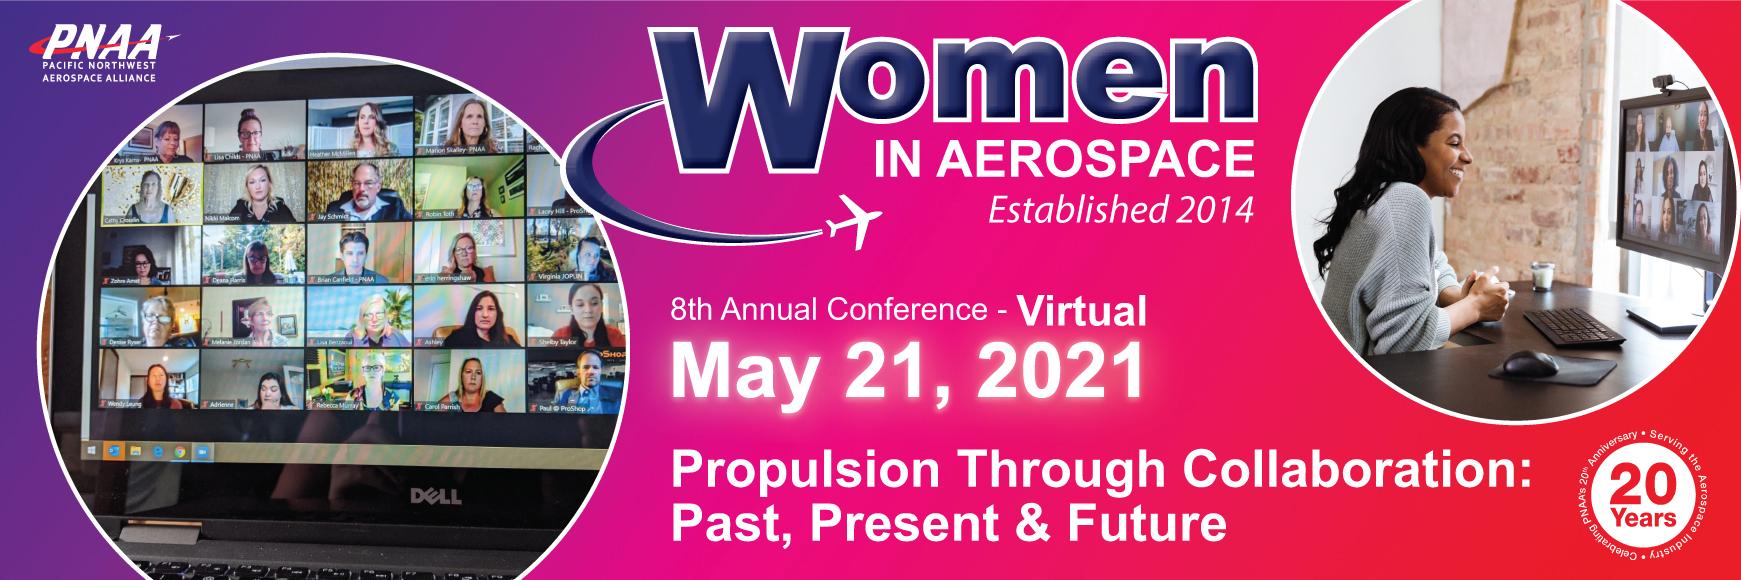 Virtual_Women_in_Aerospace_Header
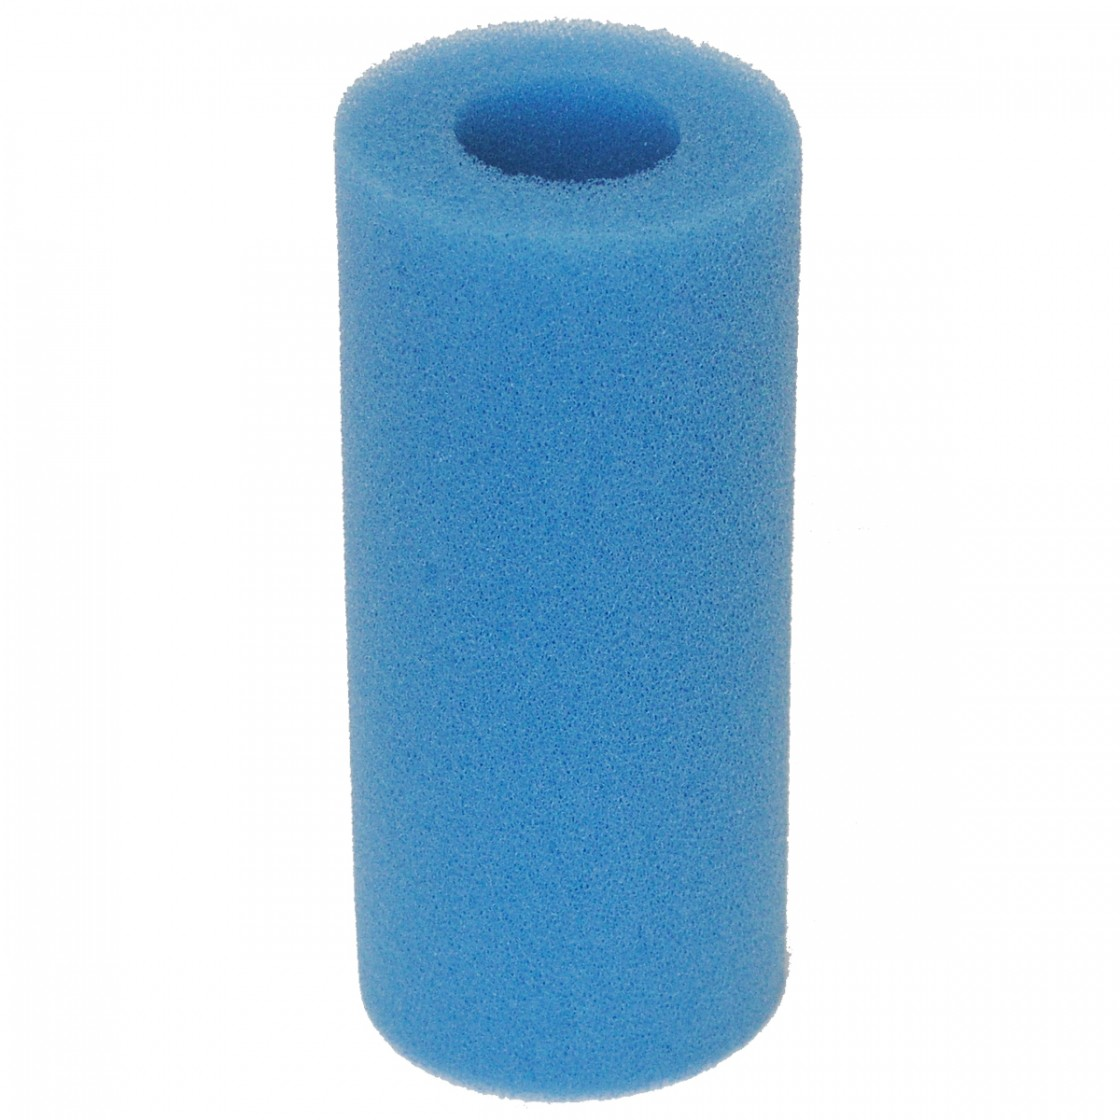 Tunze Foam cartridge
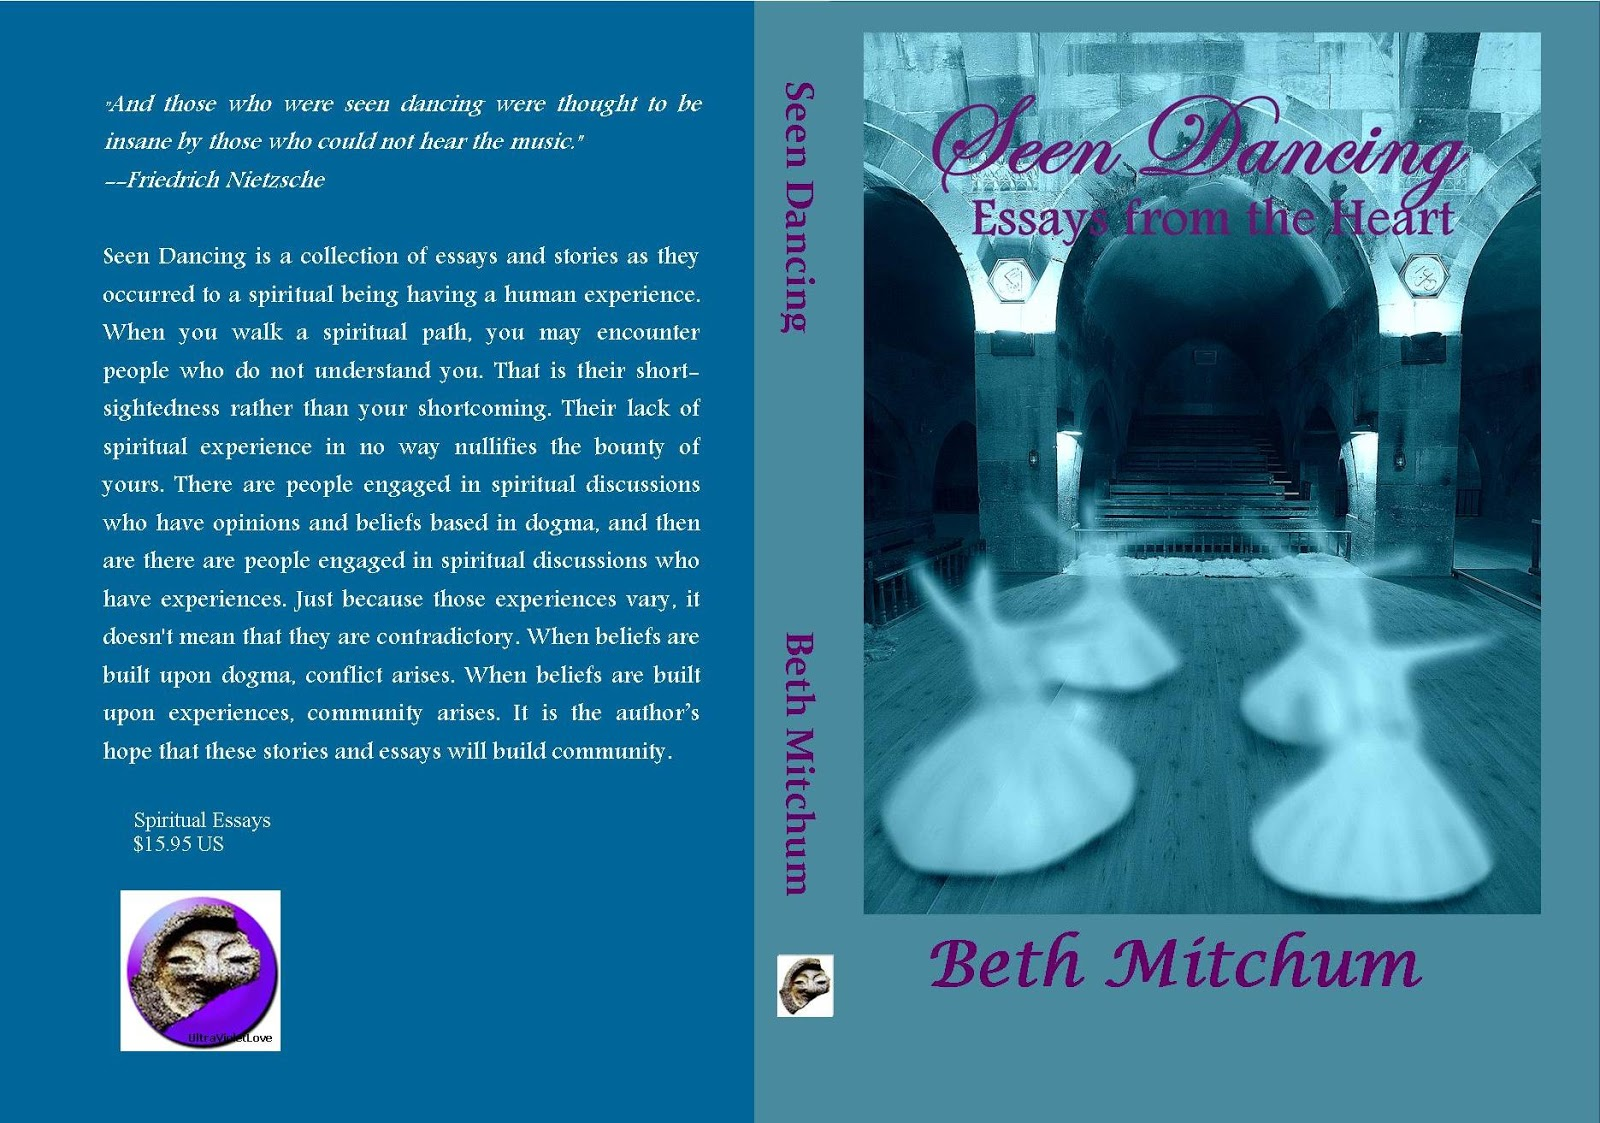 dancing with the heart essay Encuentra seen dancing: essays from the heart: volume 1 (mystic angel healing) de beth mitchum (isbn: 9781481826181) en amazon envíos gratis a partir de 19.

> **WHAT THE TASK REQUIRES**
Omit the images; transcribe the listing verbatim.

> **TASK OUTPUT**
 Virtual_Women_in_Aerospace_Header
 Tunze Foam cartridge
 dancing with the heart essay Encuentra seen dancing: essays from the heart: volume 1 (mystic angel healing) de beth mitchum (isbn: 9781481826181) en amazon envíos gratis a partir de 19.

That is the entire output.